Enfin, pour concrétiser et rendre plus attractive la transmission des valeurs morales et des repères comportementaux, des ateliers théâtre pourraient être mis en place.
c) En matière d’enseignement civique :
Un enseignement civique théorique dès les plus petites classes devrait également avoir une application pratique.
A Un projet d’Action Civique :
Le but est de motiver les enfants pour un même projet, qui soit dans l’intérêt d’autrui. Ce projet serait à déterminer en début d’année et tous les enfants de la classe se retrouveraient quelques heures par semaine autour de sa réalisation.
Certaines initiatives impliquant les élèves dans la rénovation de leur collège ou lycée, ont donné satisfaction. Cette expérience pourrait ainsi être étendue aux quartiers difficiles où les rénovations voient leurs effets systématiquement réduits à néant.
B Un livret de Civisme :
Il s’agirait d’un carnet qui suivrait l’enfant pendant toute sa scolarité. Chaque année, l’élève débuterait avec un capital de points et toute mauvaise conduite serait sanctionnée par la perte d’un ou plusieurs points selon la gravité de la faute. Cela peut tout à fait être associé aux punitions traditionnelles. On peut imaginer que le total de points compte dans la décision pour un passage en classe supérieure ou soit un bonus pour le brevet ou le baccalauréat. Ou bien, cela peut aussi contribuer à la participation à un voyage scolaire de fin d’année. Les élèves auraient la possibilité de récupérer leur capital en participant à des travaux para-scolaires simples ou en faisant preuve d’actes de bonne conduite. La participation active au projet d’action civique pourrait aussi permettre de regagner des points.

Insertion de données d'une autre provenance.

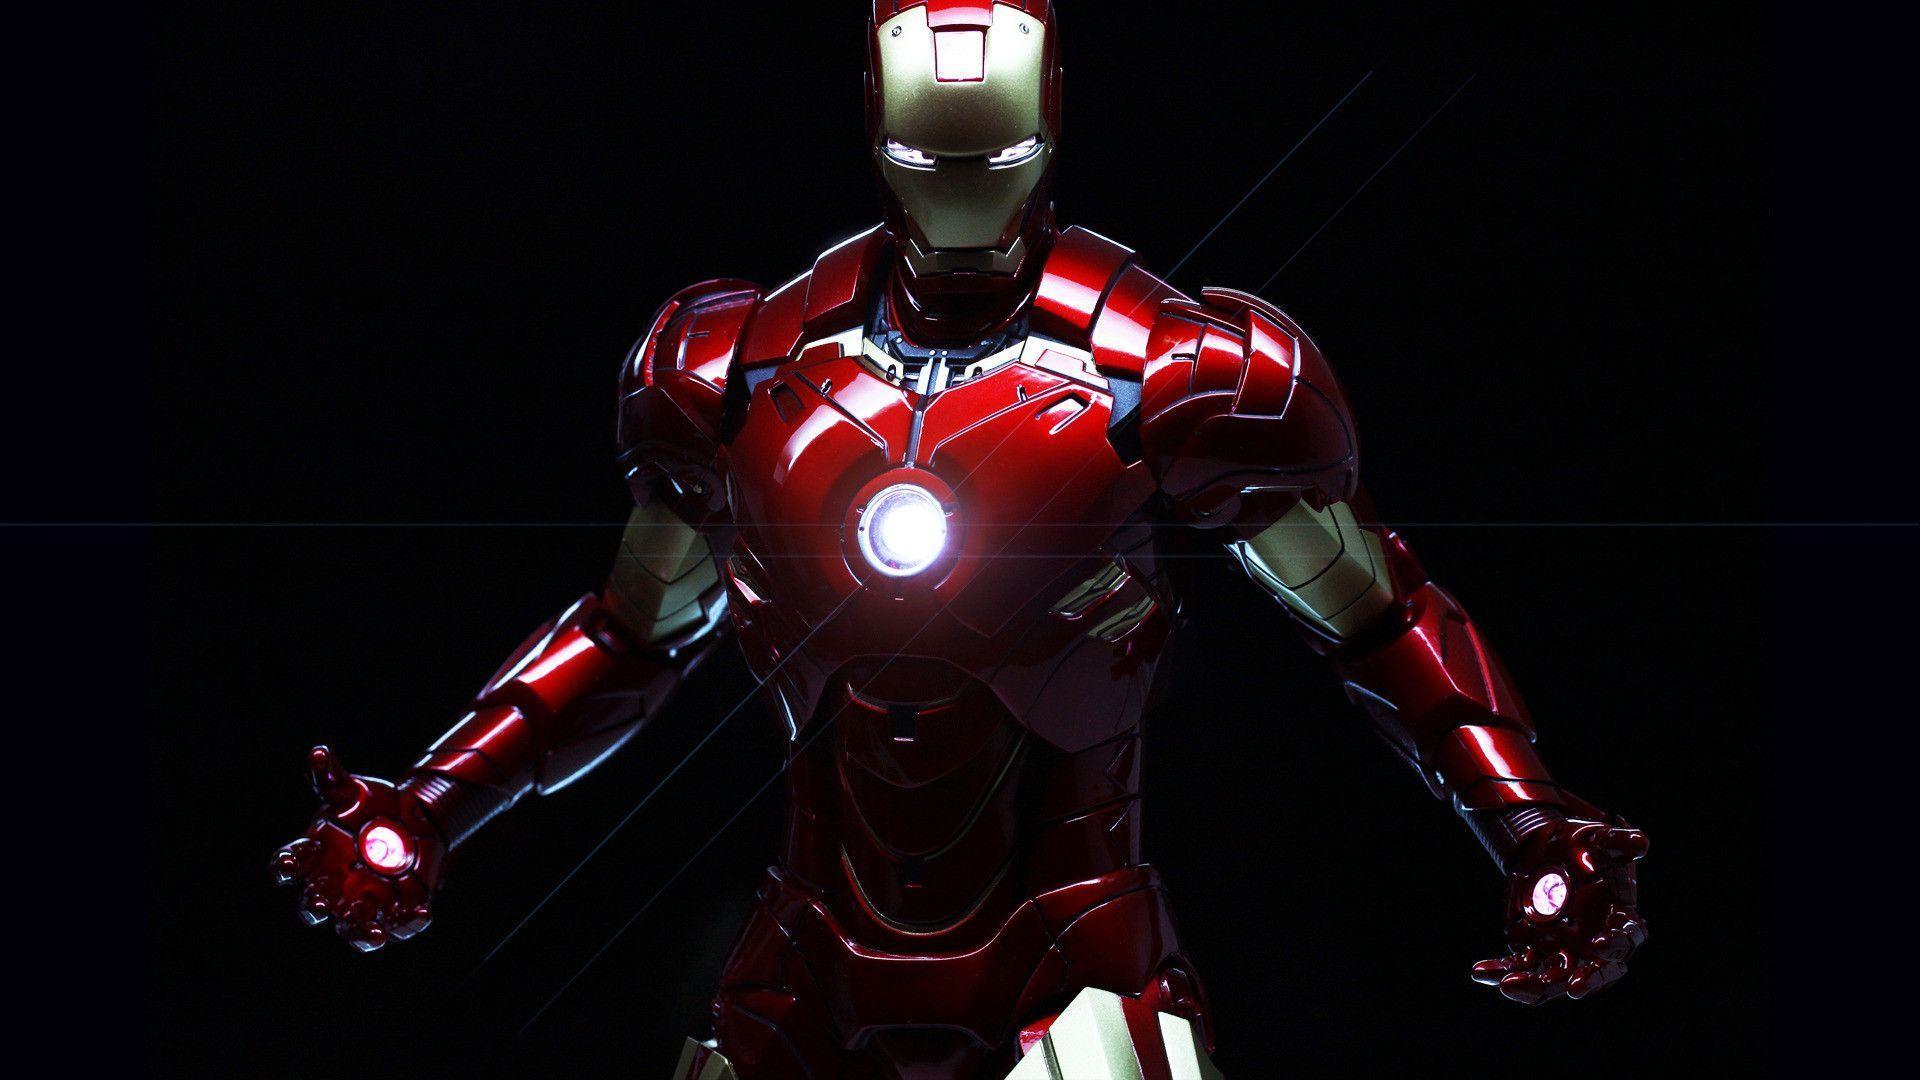 Iron Man Full Hd Wallpapers Top Free Iron Man Full Hd

Ce carnet pourrait être un lien entre enseignants et parents sur le comportement de l’enfant à l’école. Il servirait de complément au carnet de correspondance traditionnel, qui est rarement employé pour rendre compte du comportement de l’enfant à l’école.
2 Les solutions en matière de Citoyenneté :
a) De nouveaux vecteurs de valeurs :
Des règles de vie en société doivent s’apprendre dès la plus petite enfance. A la crèche et à l’école on peut envisager divers jeux où serait appris le respect de l’autre. Ces règles de bonne conduite inculquées dès la toute petite enfance seront reproduites plus tard, “imprimées” dans l’inconscient.
b) La “participation à des missions humanitaires”:
Pour les plus grands, on pourrait offrir la possibilité de partir avec des organismes humanitaires, pour participer, pendant les vacances scolaires, à des missions de courte durée dans les pays du tiers-monde ou en France. Ils pourraient se rendre utiles et découvrir le bonheur inhérent à l’aide de ceux qui sont dans la détresse.